Sen. Hawley won election to the Senate decrying bias against conservatives by online platforms. He now proposes to act to “correct” this presumed bias. Forty years ago, his job would have been easier. The federal government claimed ownership of the airwaves and the power to license their use by broadcasters. The Federal Communications Commission (FCC) awarded licenses to broadcasters that promoted the public interest not least in the “fairness” of their political coverage. Government officials used the leverage created by licensing to harass and censor political speech.

The federal government does not own the internet, so a new FCC seems unlikely. In fact, Congress has favored the private over the government in regulating the internet. In 1996, Congress decided to immunize internet companies against the actions of their users and to empower them to remove content for various reasons, including it being “objectionable.” The platforms could remove such material without liability “whether or not it was constitutionally protected.” Congress, not the courts, decided the First Amendment did not apply to private forums for speech.

Sen. Hawley and his allies argue Section 230 subsidizes social media. They also say that the companies originally agreed to moderate their platforms in a politically neutral way in exchange for such subsides. In fact, Congress decided social media, unlike publishers, could not control ex ante the speech of their users. Holding platforms to a publishing standard could encourage too much moderation of speech to avoid liability, thereby restricting the growth of this new industry. Congress also empowered the companies to remove speech to fight obscenity on the new medium. Section 230 has nothing in common with Congress deciding to subsidize growing (or not growing) various crops.

However flawed, the subsidy argument does get Sen. Hawley to a licensing regime for social media. Subsidies should be granted in exchange for something, and why not the original “political neutrality” Sen. Hawley claims the companies promised and failed to deliver? The license this time is called an “immunity certification” granted by the Federal Trade Commission for two years to large internet content providers. This certification establishes that an internet company “does not moderate information provided by other information content providers in a manner that is biased against a political party, political candidate, or political viewpoint.”

The meaning of those terms may matter less than the process established by the bill to certify this “political neutrality.” The companies must convince four out of five members of the FTC that their content moderation is not politically biased. That fourth vote will decide whether companies operating social media platforms are granted Section 230 immunity.

Absent that certification, a social media company could continue in business. It might avoid the liability related to suppressing speech by letting everything on the platform. But the companies don’t do that now, primarily for business reasons: many users would be repelled by a platform permitting extremism. Another response to losing “immunity certification” would be moderating too much; content moderators might suppress any speech that could lead to liability and without protections, this suppression itself would lead to more lawsuits.

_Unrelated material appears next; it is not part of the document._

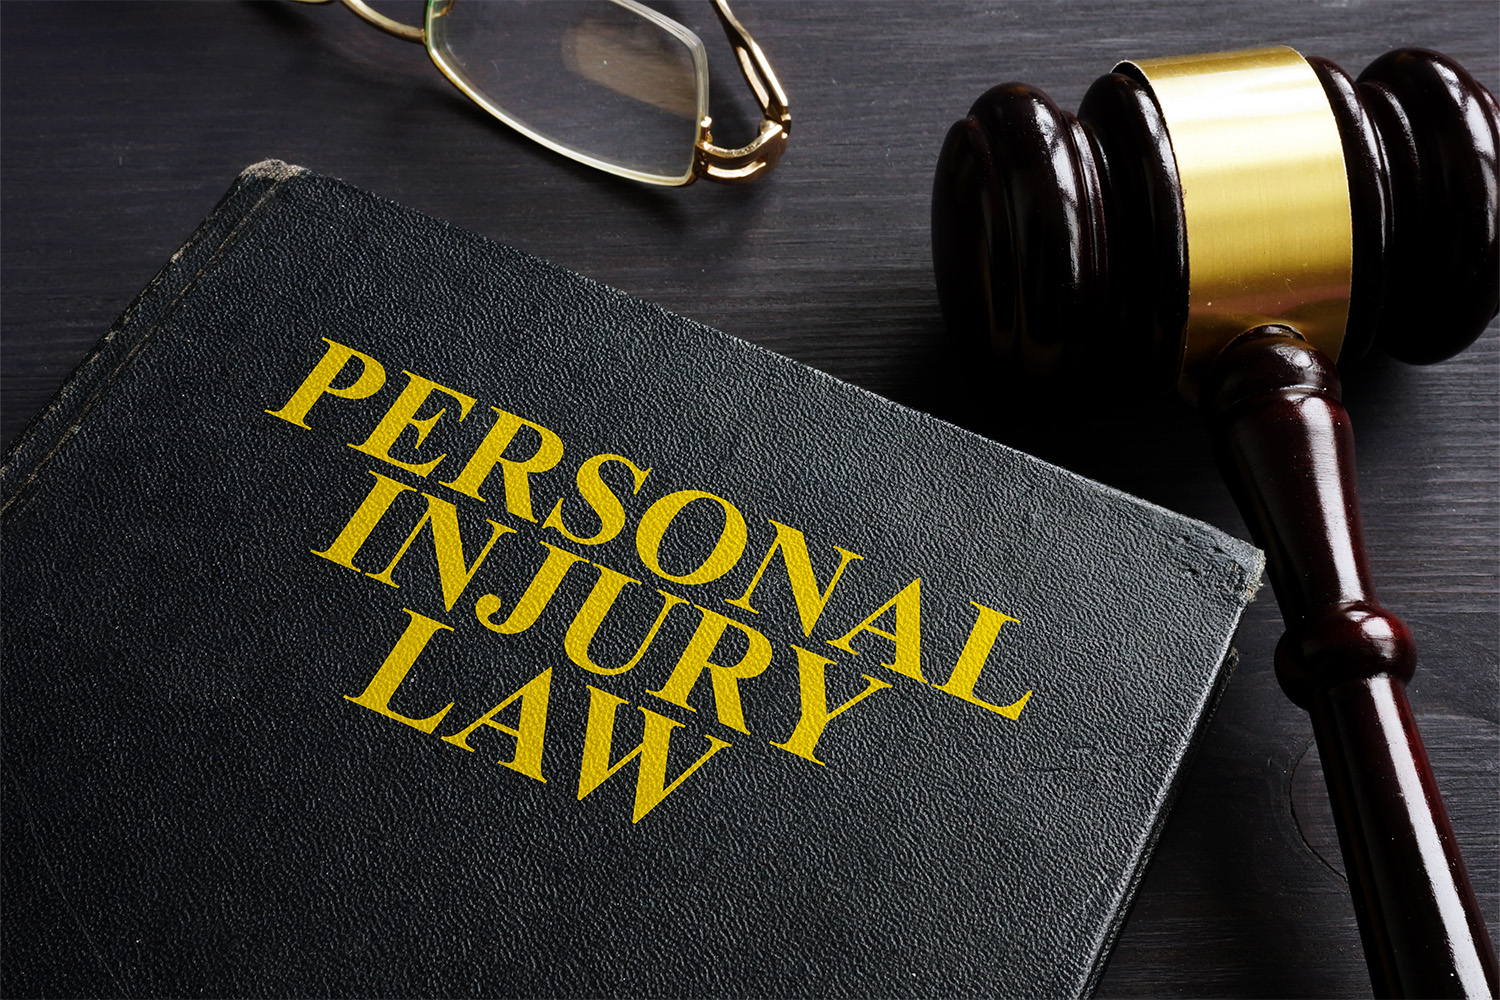 Chances of Winning a Personal Injury Lawsuit

The result would be at best a boring service hostile to speech and again, unattractive to users. In other words, losing certification might well do lasting damage to the economic value of a platform. To avoid such losses, a company would have to do whatever is necessary for to gain that fourth vote (and certification) at the FTC. We should not give that much power over business and speech to a federal agency.

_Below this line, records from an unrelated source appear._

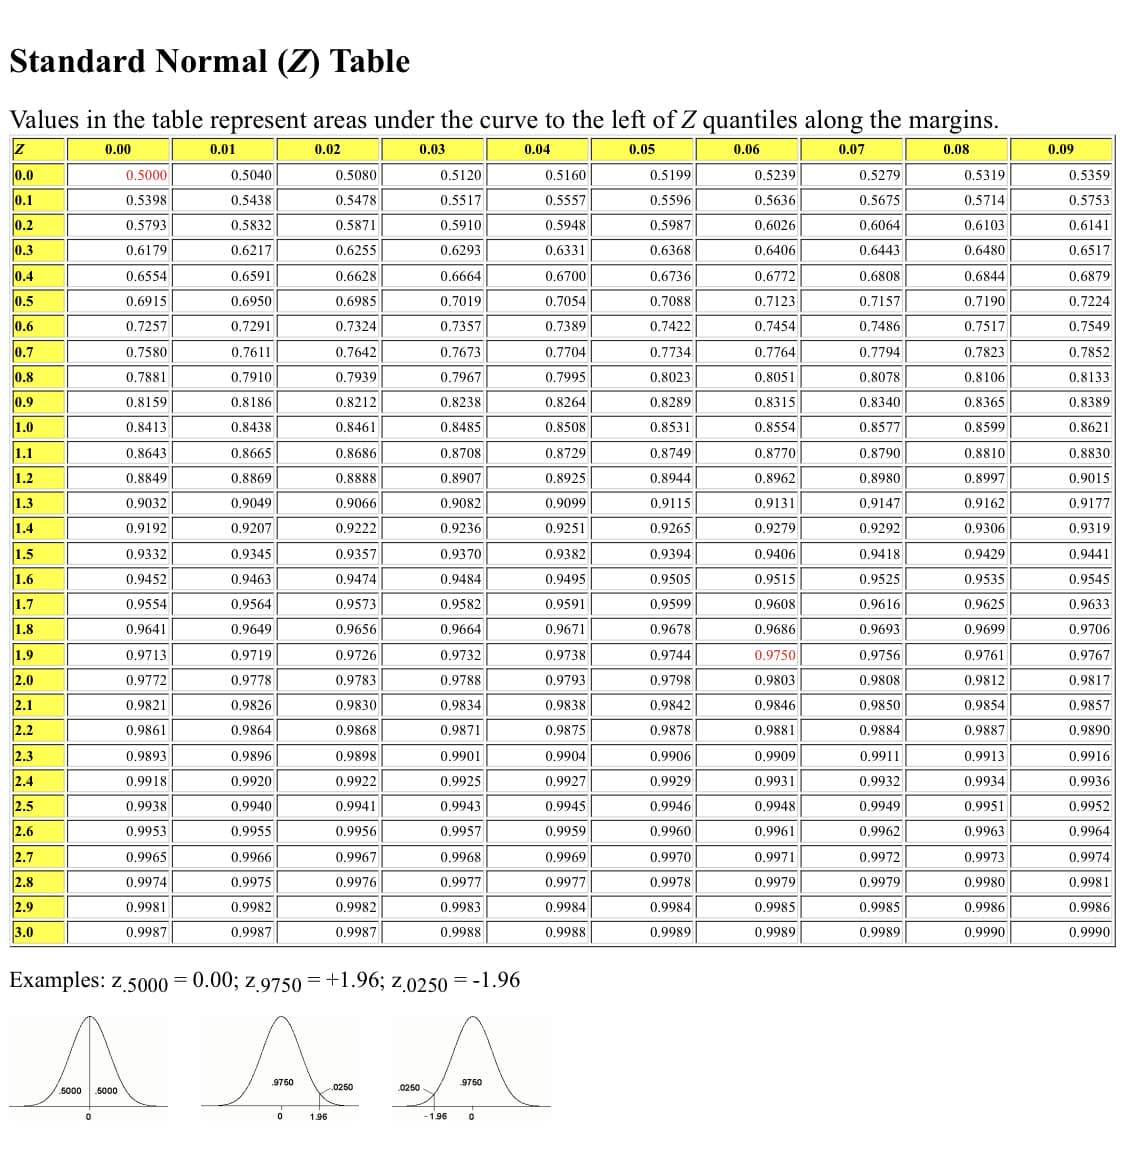 Standard Normal (Z) Table
Values in the table represent areas under the curve to the left of Z quantiles along the margins.
0.00
0.02
0.03
0.04
0.05
0.06
0.07
0.08
Z
0.0
0.1
0.2
0.3
0.4
0.5
0.6
0.7
0.8
0.9
1.0
1.1
1.2
1.3
1.4
1.5
1.6
1.7
1.8
1.9
2.0
2.1
2.2
2.3
2.4
2.5
2.6
2.7
2.8
2.9
3.0
0.5000
0.5398
0.5793
0.6179
0.6554
0.6915
0.7257
0.7580
0.7881
0.8159
0.8413
0.8643
0.8849
0.9032
0.9192
0.9332
0.9452
0.9554
0.9641
0.9713
0.9772
0.9821
0.9861
0.9893
0.9918
0.9938
0.9953
0.9965
0.9974
0.9981
0.9987
0.01
0.5040
0.5438
0.5832
0.6217
0.6591
0.6950
0.7291
0.7611
0.7910
0.8186
0.8438
0.8665
0.8869
0.9049
0.9207
0.9345
0.9463
0.9564
0.9649
0.9719
0.9778
0.9826
0.9864
0.9896
0.9920
0.9940
0.9955
0.9966
0.9975
0.9982
0.9987
.9750
0
0.5080
0.5478
0.5871
0.6255
0.6628
0.6985
0.7324
0.7642
0.7939
0.8212
0.8461
0.8686
0.8888
0.9066
0.9222
0.9357
0.9474
0.9573
0.9656
0.9726
0.9783
0.9830
0.9868
0.9898
0.9922
0.9941
Examples: z.5000=0.00; z.9750=+1.96; Z.0250 = -1.96
A
5000
5000
1.96
0.9956
0.9967
0.9976
0.9982
0.9987
0250
0.5120
0.5517
0.5910
0.6293
0.6664
0.7019
0.7357
0.7673
0.7967
0.8238
0.8485
0.8708
0.8907
0.9082
0.9236
0.9370
0.9484
0.9582
0.9664
0.9732
0.9788
0.9834
0.9871
0.9901
0.9925
0.9943
0.9957
0.9968
0.9977
0.9983
0.9988
0250
-1.96
9750
0
0.5160
0.5557
0.5948
0.6331
0.6700
0.7054
0.7389
0.7704
0.7995
0.8264
0.8508
0.8729
0.8925
0.9099
0.9251
0.9382
0.9495
0.9591
0.9671
0.9738
0.9793
0.9838
0.9875
0.9904
0.9927
0.9945
0.9959
0.9969
0.9977
0.9984
0.9988
0.5199
0.5596
0.5987
0.6368
0.6736
0.7088
0.7422
0.7734
0.8023
0.8289
0.8531
0.8749
0.8944
0.9115
0.9265
0.9394
0.9505
0.9599
0.9678
0.9744
0.9798
0.9842
0.9878
0.9906
0.9929
0.9946
0.9960
0.9970
0.9978
0.9984
0.9989
0.5239
0.5636
0.6026
0.6406
0.6772
0.7123
0.7454
0.7764
0.8051
0.8315
0.8554
0.8770
0.8962
0.9131
0.9279
0.9406
0.9515
0.9608
0.9686
0.9750
0.9803
0.9846
0.9881
0.9909
0.9931
0.9948
0.9961
0.9971
0.9979
0.9985
0.9989
0.5279
0.5675
0.6064
0.6443
0.6808
0.7157
0.7486
0.7794
0.8078
0.8340
0.8577
0.8790
0.8980
0.9147
0.9292
0.9418
0.9525
0.9616
0.9693
0.9756
0.9808
0.9850
0.9884
0.9911
0.9932
0.9949
0.9962
0.9972
0.9979
0.9985
0.9989
0.5319
0.5714
0.6103
0.6480
0.6844
0.7190
0.7517
0.7823
0.8106
0.8365
0.8599
0.8810
0.8997
0.9162
0.9306
0.9429
0.9535
0.9625
0.9699
0.9761
0.9812
0.9854
0.9887
0.9913
0.9934
0.9951
0.9963
0.9973
0.9980
0.9986
0.9990
0.09
0.5359
0.5753
0.6141
0.6517
0.6879
0.7224
0.7549
0.7852
0.8133
0.8389
0.8621
0.8830
0.9015
0.9177
0.9319
0.9441
0.9545
0.9633
0.9706
0.9767
0.9817
0.9857
0.9890
0.9916
0.9936
0.9952
0.9964
0.9974
0.9981
0.9986
0.9990

Sen. Hawley’s bill seeks to undermine an older American conservatism. Not long ago, the Reagan legacy spoke powerfully to conservatives. Of course, the Reagan administration ended the Fairness Doctrine and in general, supported markets free of government regulation. Some now believe that times have changed and the ideals of 1980 no longer should guide conservative thinking. If that was “then,” Sen. Hawley is definitely “now.” But if conservatives are turning their backs on timeless ideals like free markets and free speech, what could conservatism mean beyond political necessity and the rage of transient majorities?

One final point. Sen. Hawley’s bill might lead to a good outcome: in invalidating the law, the Supreme Court might recognize clearly that social media curation deserves strong First Amendment protections. On the other hand, we also might end up with a Red Lion decision for the internet, that is, a decision supporting state oversight of speech and business on social media. Far better for Congress to take up its constitutional duties with this bill.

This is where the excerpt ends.